Mr. Delpire recognized that quality in the documentarylike photos that the Swiss-born Mr. Frank made during his rambles around the United States in 1955 and 1956. And he saw the artistic value of Mr. Frank’s photos before any American publishers did. Mr. Delpire published “Les Americains,” a collection of 83 of Mr. Frank’s black-and-white photos of ordinary Americans, in 1958.

A year later, Grove Press published the book as “The Americans,” with an introduction by Jack Kerouac. It has since come to be viewed as a masterpiece for its stark realism and its empathetic vision.

“Photography books until Robert had a formula,” Mr. Hoppen said. “They were a little stale, a little rigid. He reinvented them. He understood how pages worked and how one photograph related to the other.”

Libération, the French newspaper, quoted Mr.

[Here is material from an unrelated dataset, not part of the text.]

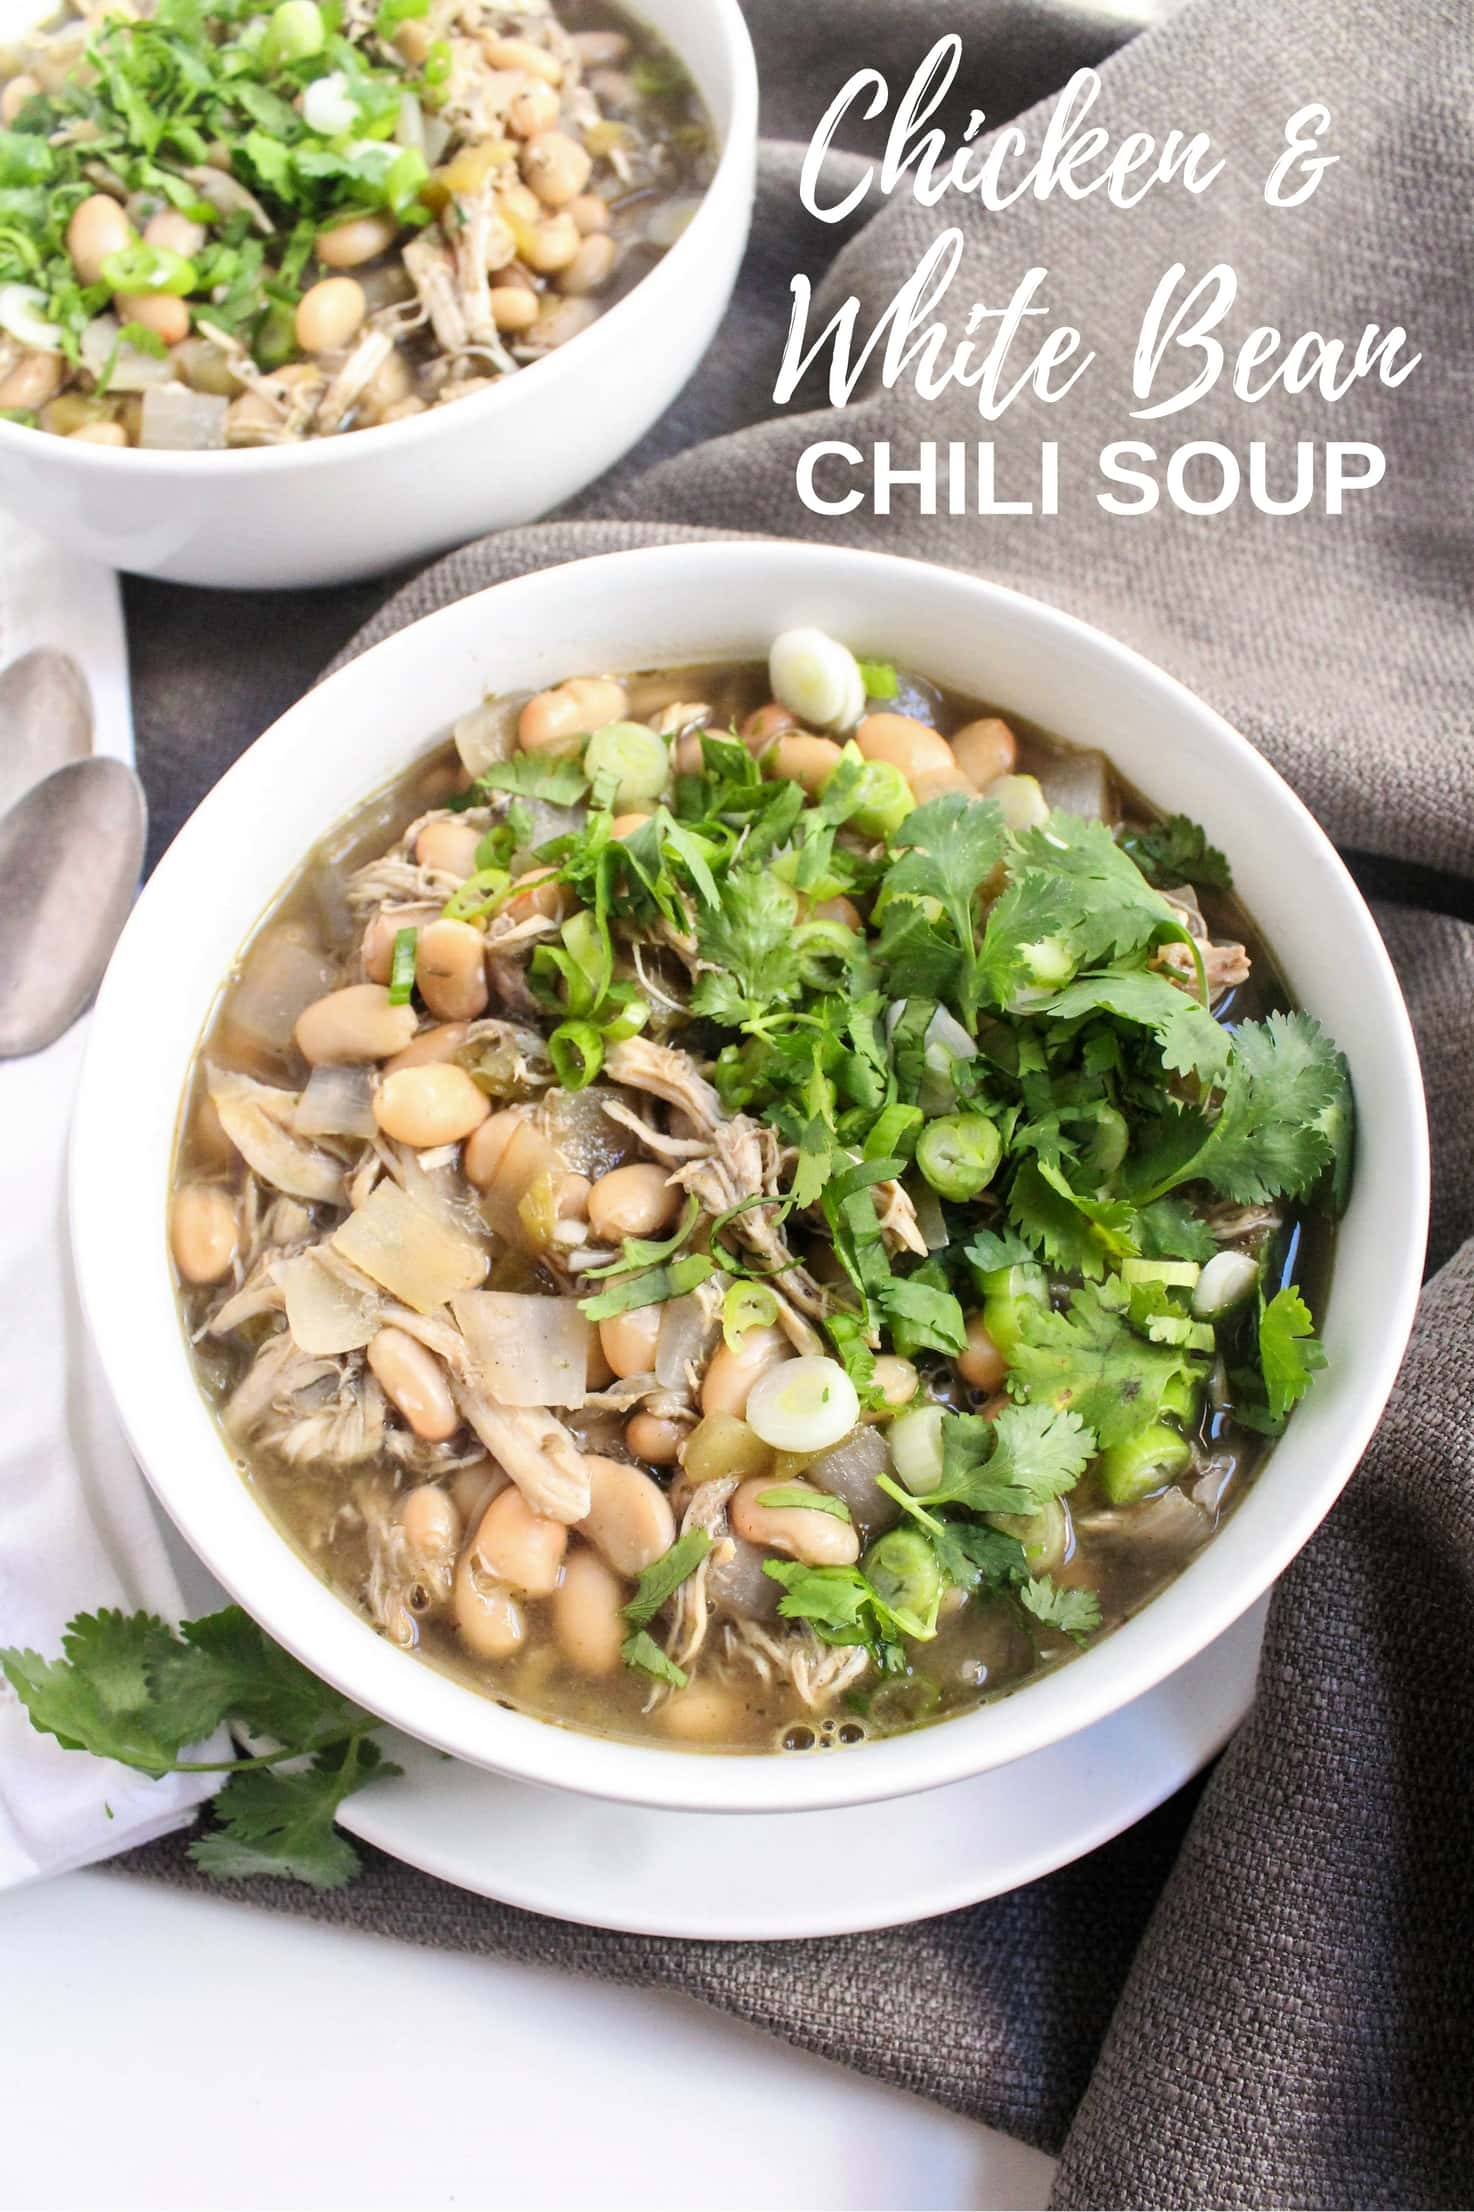 Chicken & White Bean Chili Soup Recipe | Healthy, Fast, Easy

Delpire’s description of his relationship to each photographer: “A publisher is a craftsman. He is at the service of the author. To make a good book of photography is not to make a book for oneself but for the author.”

He was passionate about creating the proper sequences in which to view photos, knowing that the eye viewed images differently when they are bound in a book as opposed to hanging on a gallery wall.

Mr. Delpire’s editing of Mr. Koudelka’s book “Gitans, la Fin du Voyage” — published in English as “Gypsies” — “moves us quickly into the visual energy of the community,” the photographer Jeffrey Ladd wrote on Time.com nearly 40 years after Mr. Delpire published it in 1975, “mixing frenetic action with direct portraits where the postures of the subjects signal their acceptance of Koudelka’s presence and camera.”

Robert Delpire was born in Paris on Jan. 24, 1926. He did not see publishing as a career until 1950, when he was in medical school in Paris and agreed to turn a faculty bulletin into a cultural review.

Despite his lack of experience, he published the magazine, Neuf, for three years, filling it with photos from the likes of Mr. Cartier-Bresson, Mr. Frank and Robert Doisneau, as well as illustrations by Saul Steinberg and written works by Claude Roy, Jacques Prévert and André Breton.

The review begot Mr. Delpire’s book-publishing career, over the course of which he was associated with many elite photographers, including Robert Capa, Inge Morath Brassai and William Klein. Many of the photographers he published were part of the Magnum Photos co-op.

In addition to the major books he published, Mr. Delpire created Photo Poche, a series of small, modestly priced books designed to popularize photography. For those books, he was awarded the Infinity Award from the International Center of Photography in New York in 1985.

Mr. Delpire also ran an advertising agency and produced “Float Like a Butterfly, Sting Like a Bee” (1969), a documentary about Muhammad Ali, and “Who Are You, Polly Maggoo?” (1966), a feature film, both directed by Mr. Klein.

Mr. Klein later added footage to the Ali documentary from Ali’s fight in 1974 against George Foreman in Zaire.

Mr. Delpire is survived by his wife. Complete information on survivors was not immediately available.

When analyzing the beauty or significance of a photograph, Mr. Delpire needed it to make more than a simple statement. He looked for it to “enhance the significance of a fact, the psychology of a person, the specificity of a person,” he told Aperture.org.

A good photo, he added, “requires sensitivity, patience, vivacity, graphic sense, not to mention technical knowledge. The talent is the ‘cherry on the cake,’ as we say in French. … We publishers are looking for the cherries.”